Geniusz Żoliborza Geniusz Żoliborza
104
BLOG

Przegrał! Ale wygrał!

Geniusz Żoliborza Geniusz Żoliborza Polityka Obserwuj notkę 16

Przyznam się, że jestem lekko rozczarowany lekturą salonu w poniedziałkowy poranek. Tak niewiele napisano o fałszerstwach wyborczych i akcji Owsiaka. Tyle, co kot napłakał. Może nawet tak było, że jakiś kot dziś zapłakał.

Na szczęście szybko zabrzmiała, znana nam od klęski Kropiwnickiego w Łodzi, nowy sposób definiowana, czym jest prawdziwe zwycięstwo. Należy po prostu przegrać wybory, aby wygrać. Na szczęście nie zabrakło licznych komentarzy, że Pan Prezes przegrał specjalnie, żeby sprytnym ruchem konika szachowego wziąć pełnię władzy w Sejmie w przyszłym roku. Uspokoiłem się od razu, że salon24.pl funkcjonuje równie dobrze, jak dawniej, choć wciąż uważam, że za mało się tu pisze o cudach nad urną.

 

Ja jednak widzę bardzo prozaiczną przyczynę porażki, o pardon, zwycięstwa Prezesa. Kilka dni przed II turą wyborów "Rzeczpospolita" przedstawiła sonadż GfK, gdzie obaj kandydaci mieli identyczne zadeklarowane w sonadażu poparcie. To jednak redaktorom nie wystarczyło, więc okrasili sondaż dodatkową prognozą, wieszcząc, że większość niezdecydowanych poprzeza Prezesa. Wśród wielu moich znajomych lemingów zapanowała bojaźń i drżenie. I drżąc, w strachu, zwalniali się z roboty (z cichą aprobatą szefów), pędząc po zaświadczenie do urzędów.

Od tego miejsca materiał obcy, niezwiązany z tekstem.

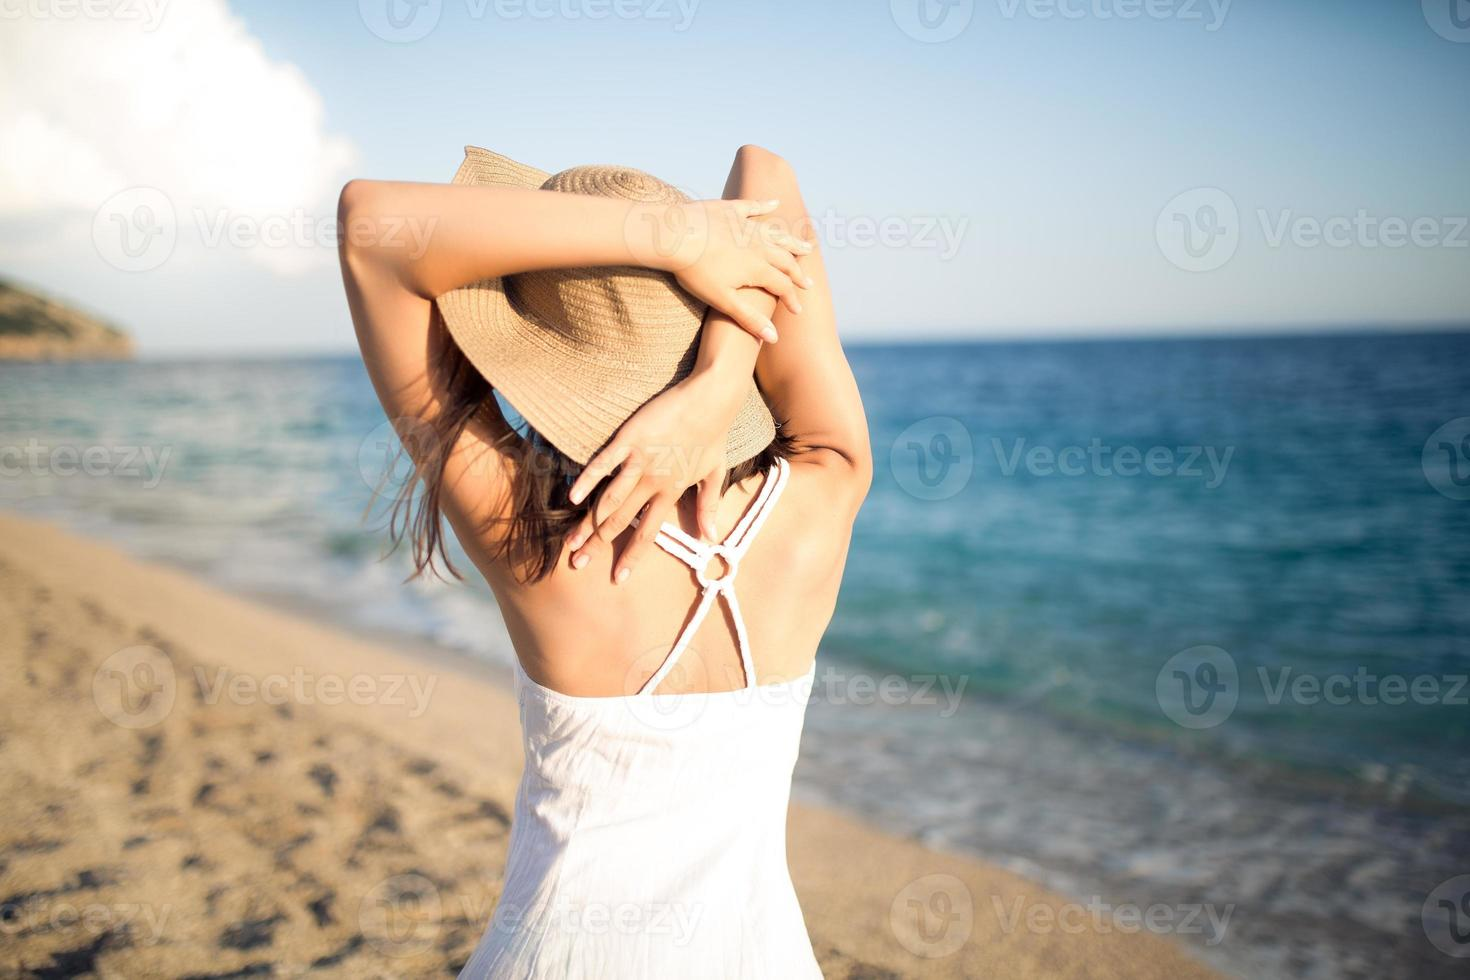 sommarmode kvinna njuter av sommar och sol, promenader på stranden foto

Tu muszę zauważyć, acz z przykrością, że obracam się w takim właśnie środowisku, choć mam też jednego kolegę, prawdziwego Polaka, który namawiał mnie na poparcie Prezesa (wcześniej głosował zawsze na Leppera i Samoobronę, więc o żadne sympatie do WSI czy komuny (wróć, lewicy w średnio-starszym wieku) posądzać go nie można).

PO w czasie rządów napotkało: mega kryzys finansowy, aferę hazardową, aferę stoczniową, komisje śledzcze, dwie powodzie. Po Smoleńsku ludziom spadły łuski z oczu i zaczął do nich docierać prawdziwy obraz Lecha Kaczyńskiego, a nie karykaturalny przekaz "ze szkła kontaktowego". Znów po Smoleńsku szalał Palikot. TVP robiła co mogła, by jak najlepiej wypadł Prezes, a jak najgorzej Komorowski. Fruwający ornitolog pisał najlepsze teksty w swoim życiu, a blogerzy wymyślali najwymyślniejsze zabawne określenia p.o. prezydenta.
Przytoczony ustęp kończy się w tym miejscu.